Records for this task:

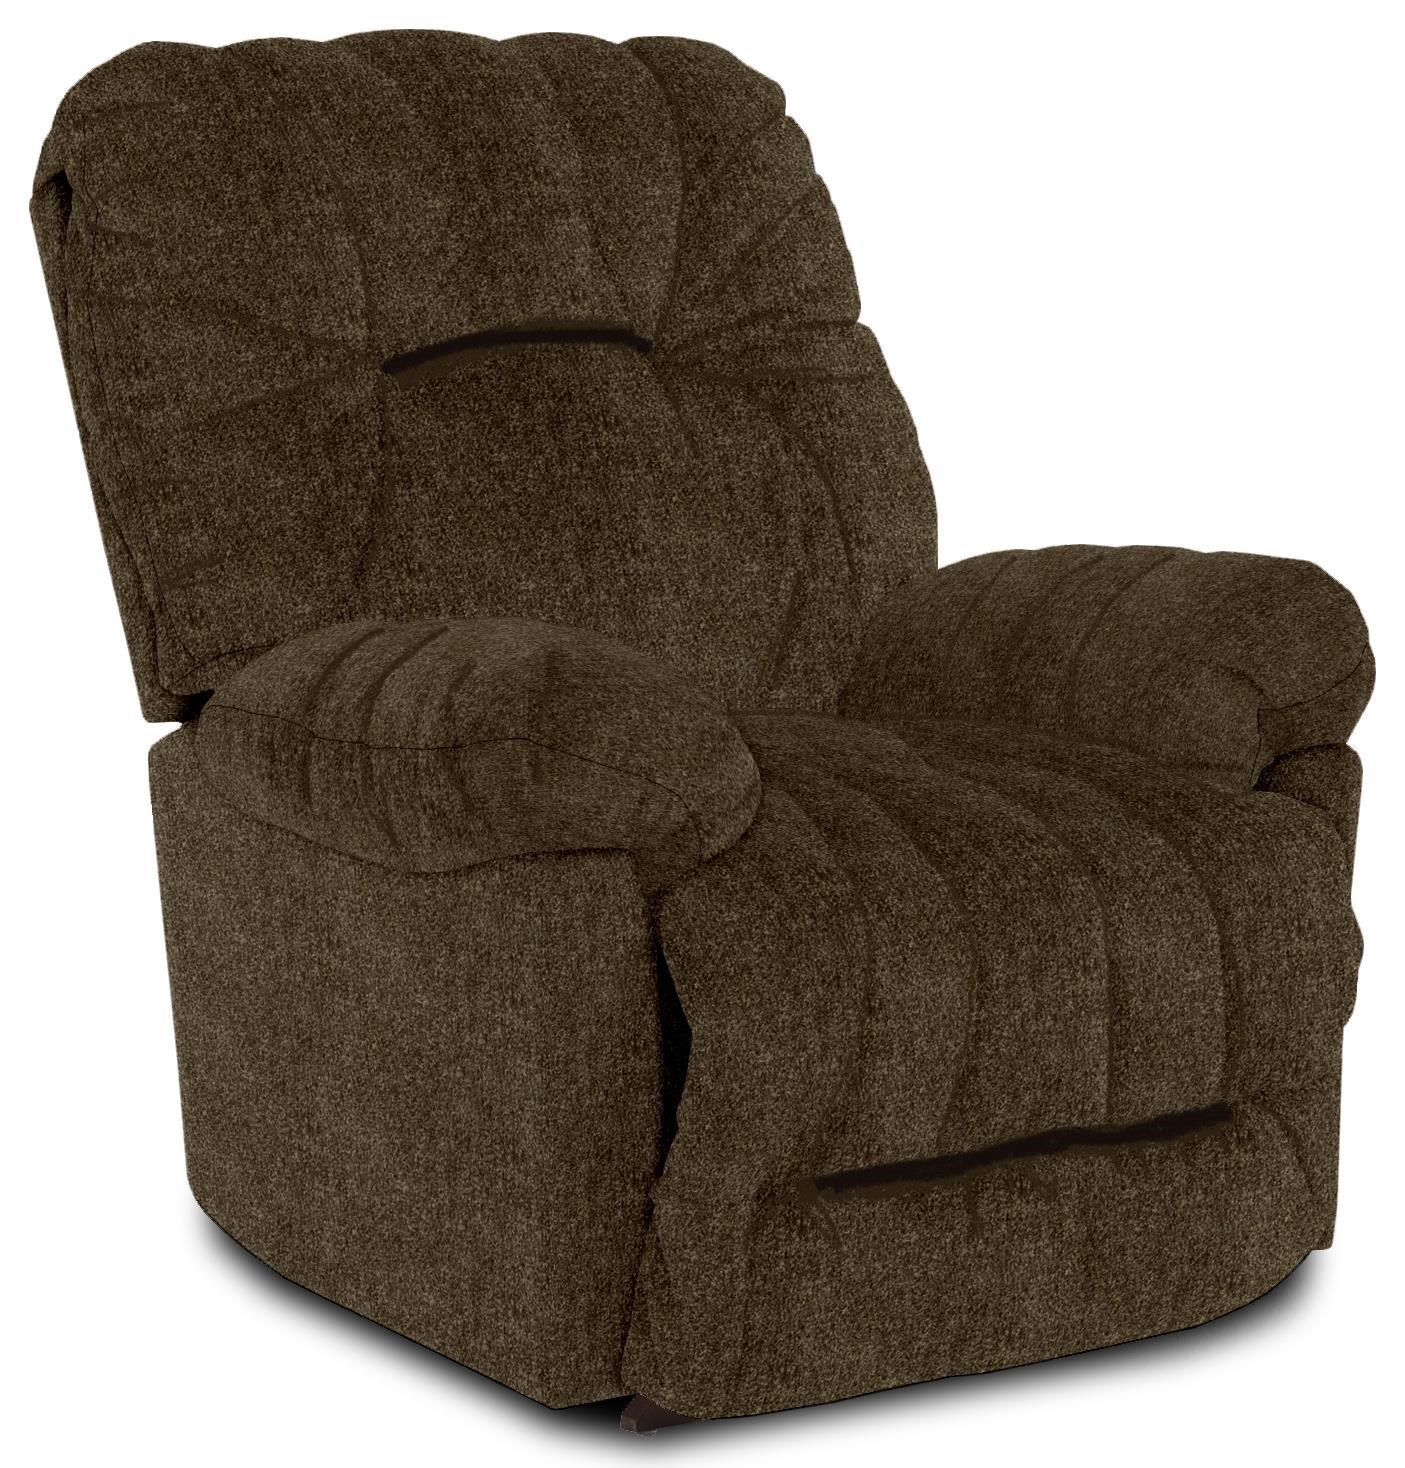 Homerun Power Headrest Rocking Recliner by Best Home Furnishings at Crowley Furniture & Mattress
--
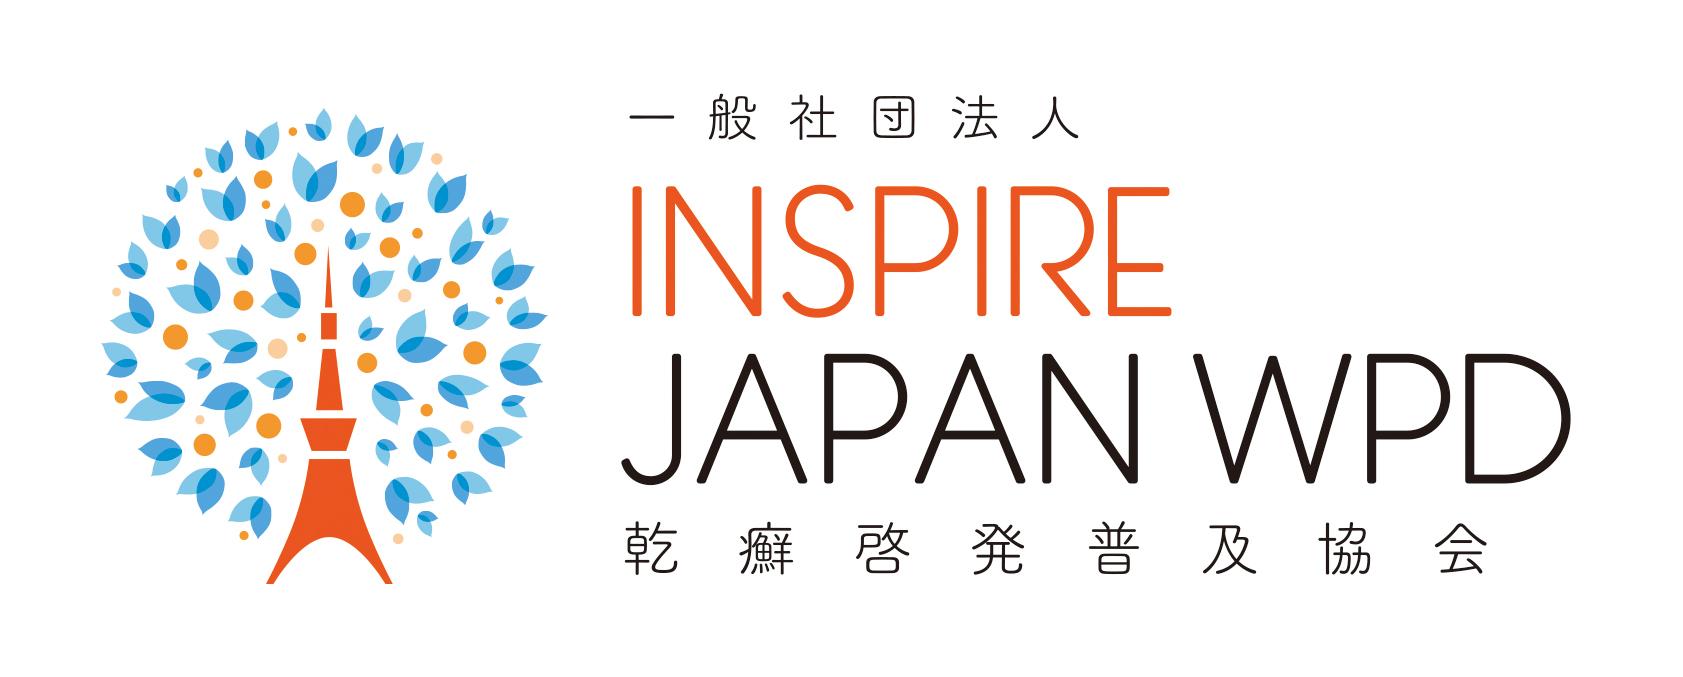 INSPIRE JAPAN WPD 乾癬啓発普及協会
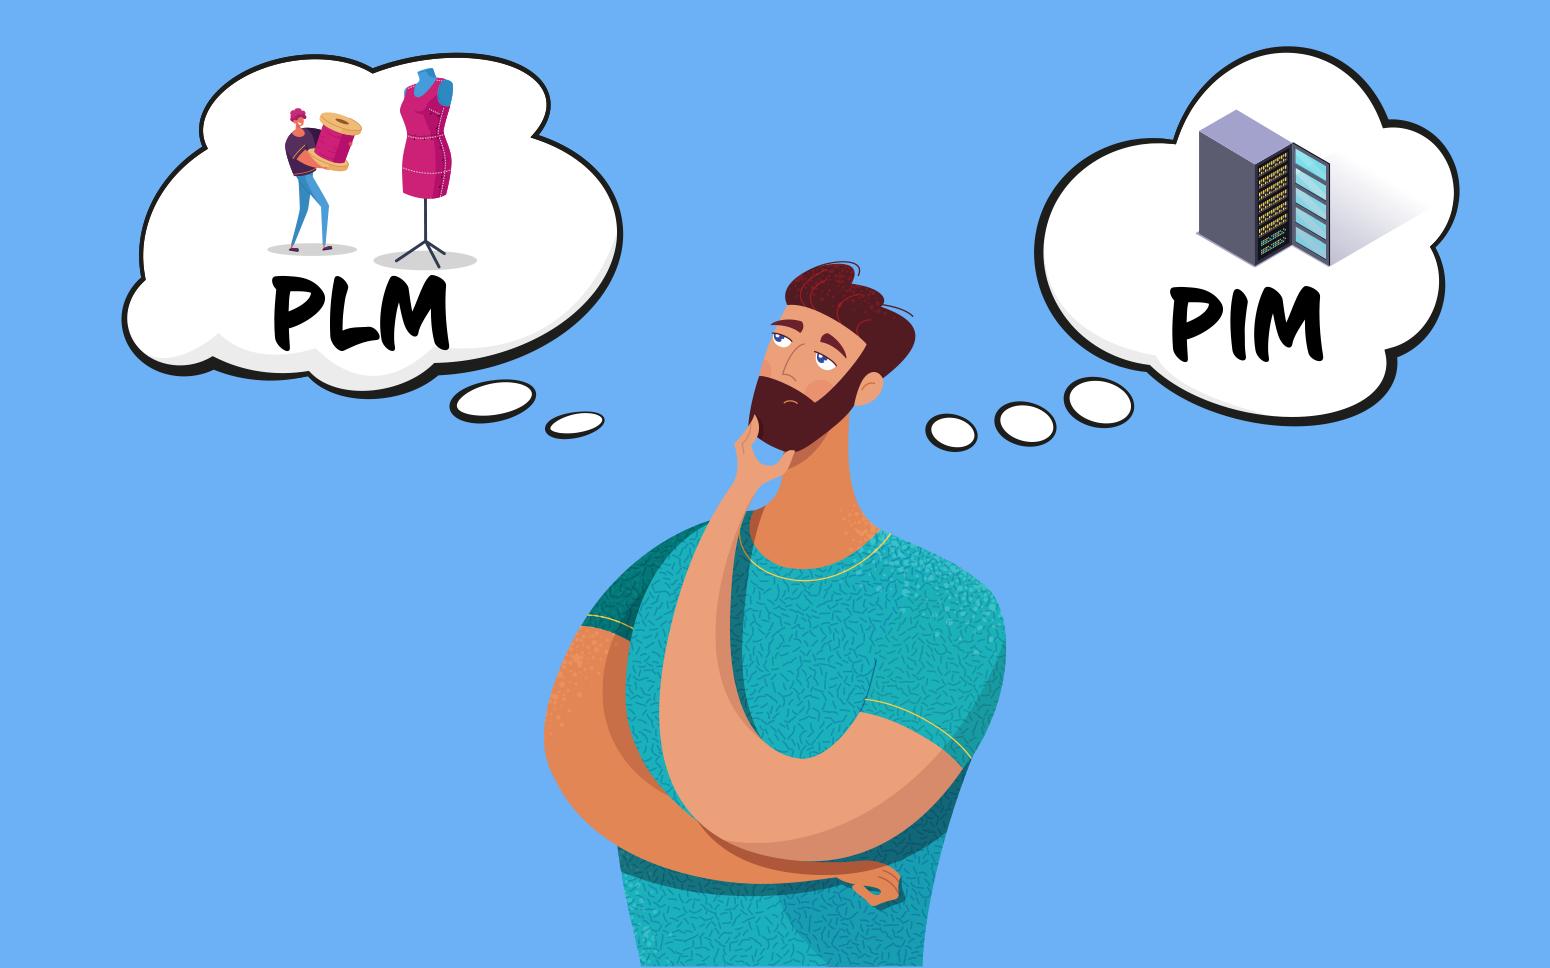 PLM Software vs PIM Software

Work request: Write back word for word every line in the entries above from the one with "INSPIRE JAPAN WPD 乾癬啓発普及協会" to the one with "PLM Software vs PIM Software", ends included, and none of the pictures.

Expected output:
 INSPIRE JAPAN WPD 乾癬啓発普及協会
 PLM Software vs PIM Software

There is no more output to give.